Repository configuration¶
Variables (Settings → Secrets and variables → Actions → Variables)¶
| Variable | Purpose |
|---|---|
VITE_API_URL_QA |
API base URL baked into QA frontend build |
VITE_API_URL_RELEASE |
API base URL for production frontend build |
EB_DEPLOY_ENABLED |
Set to true to run Elastic Beanstalk deploy job |
AWS_REGION |
e.g. us-west-2 (optional; defaults to us-west-2) |
RAGAS_QUALITY_GATE |
Set to 1 to run tox -e eval on release (slow; needs judge LLM secrets in env) |
HELPDESK_ENABLED |
Enables ASK-mode helpdesk endpoints (/summarize, /draft-ticket, /create-issue) |
HELPDESK_AGENT_ENABLED |
Enables multi-turn AGENT-mode helpdesk LangGraph endpoints |
Secrets¶
| Secret | Purpose |
|---|---|
AWS_ACCESS_KEY_ID |
Deploy credentials |
AWS_SECRET_ACCESS_KEY |
Deploy credentials |
AWS_SESSION_TOKEN |
Optional temporary AWS credential for live eval/deploy sessions |
LANGSMITH_API_KEY |
Optional trace upload for tox -e agent-eval-live |
EB_APPLICATION_NAME |
Elastic Beanstalk application |
EB_ENVIRONMENT_NAME_QA |
QA environment name |
EB_ENVIRONMENT_NAME_RELEASE |
Production environment name |
GITHUB_TOKEN (helpdesk) |
Fine-grained PAT (issues:write) for the private demo repo issues are filed to |
GITHUB_REPO |
owner/repo of the private demo repo (e.g. sandeep-jay/campus-helpdesk-demo) |
For RAGAS on release, add Bedrock/judge keys as secrets or environment-scoped variables expected by tox -e eval (see EVALUATION.md).
GitHub Environments¶
CD uses GitHub environments qa and production on deploy jobs (approval rules optional).
Local parity¶
Fast CI check (Vue only, no Streamlit): tox -e lint,backend,agent-eval,frontend-vue — matches PRODUCT_ROADMAP.md. Full CI parity includes frontend-streamlit as in .github/workflows/ci.yml.
tox -e lint,backend,agent-eval,frontend-streamlit,frontend-vue,secrets
# Optional: tox -e docs (MkDocs strict build)
# dependency review (new high/critical CVEs) runs in GitHub only — compares PR dependency diffs
The local .githooks/pre-push hook runs the same gitleaks scan before any
push leaves your machine — install with ../../scripts/install-hooks.sh --global
for commit-msg + pre-push protections on every repo, or omit --global for
repo-local hooks only.
Branch flow¶
PR → main → CI
promote → qa → CD (build + optional deploy)
promote → release → CD (+ optional RAGAS gate)
See RELEASE.md for promotion commands and tagging.

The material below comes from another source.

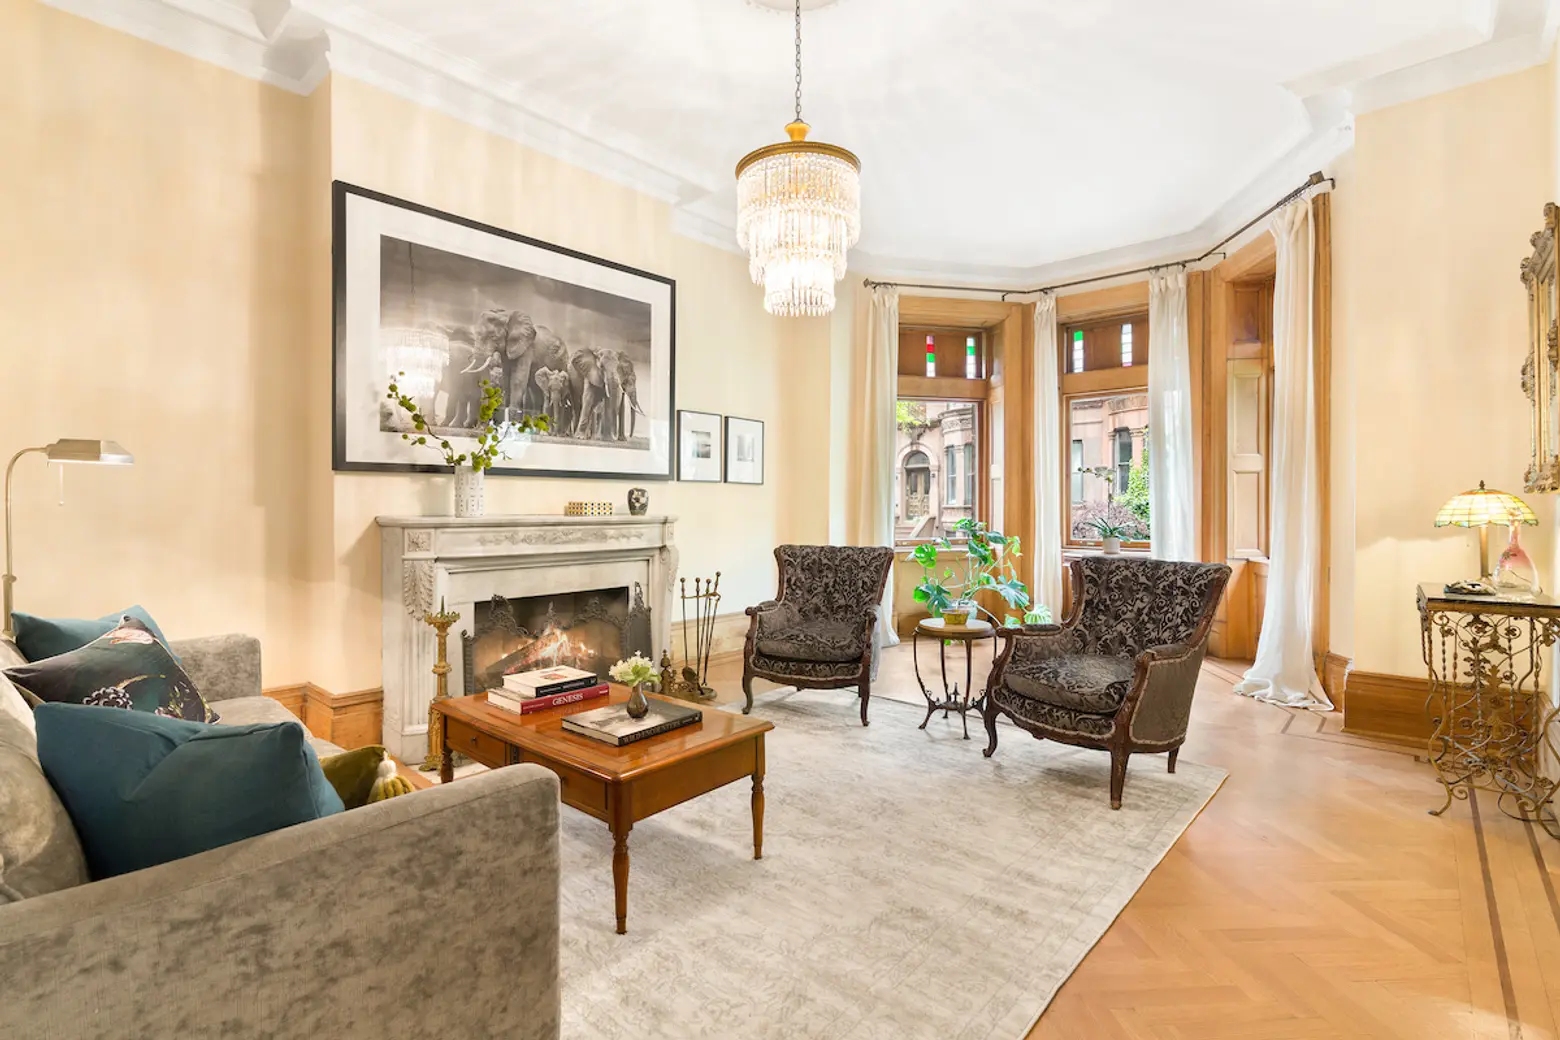 This $6M Park Slope mansion is as stunning inside as it is outside, from finished basement to green roof

CI gotchas (frontend-vue)¶
| Issue | Fix |
|---|---|
nvm: command not found on GHA |
Tox skips nvm use when CI=true; Node comes from setup-node |
Cannot find module @rollup/rollup-linux-x64-gnu |
Use HUSKY=0 npm ci (not --ignore-scripts); @rollup/rollup-* pinned in frontend-vue optionalDependencies |
Slow frontend-vue tox setup |
Env no longer installs root requirements.txt — Node/npm only |
Branch protection (rulesets)¶
The Protect main ruleset on the default branch requires these status checks before merge:
tox (lint, backend, frontends)gitleaks (history + diff)dependency review (new high/critical CVEs)no tool attribution
A separate ruleset, Protect main, qa, release from deletion, blocks branch deletion on main, qa, and release.
Remote branches on origin: main, qa, release. Release tags: v1.0 (alias of v0.1), v2.0, v3.0.0. See release-notes/ for high-level summaries and RELEASE.md for the promotion process.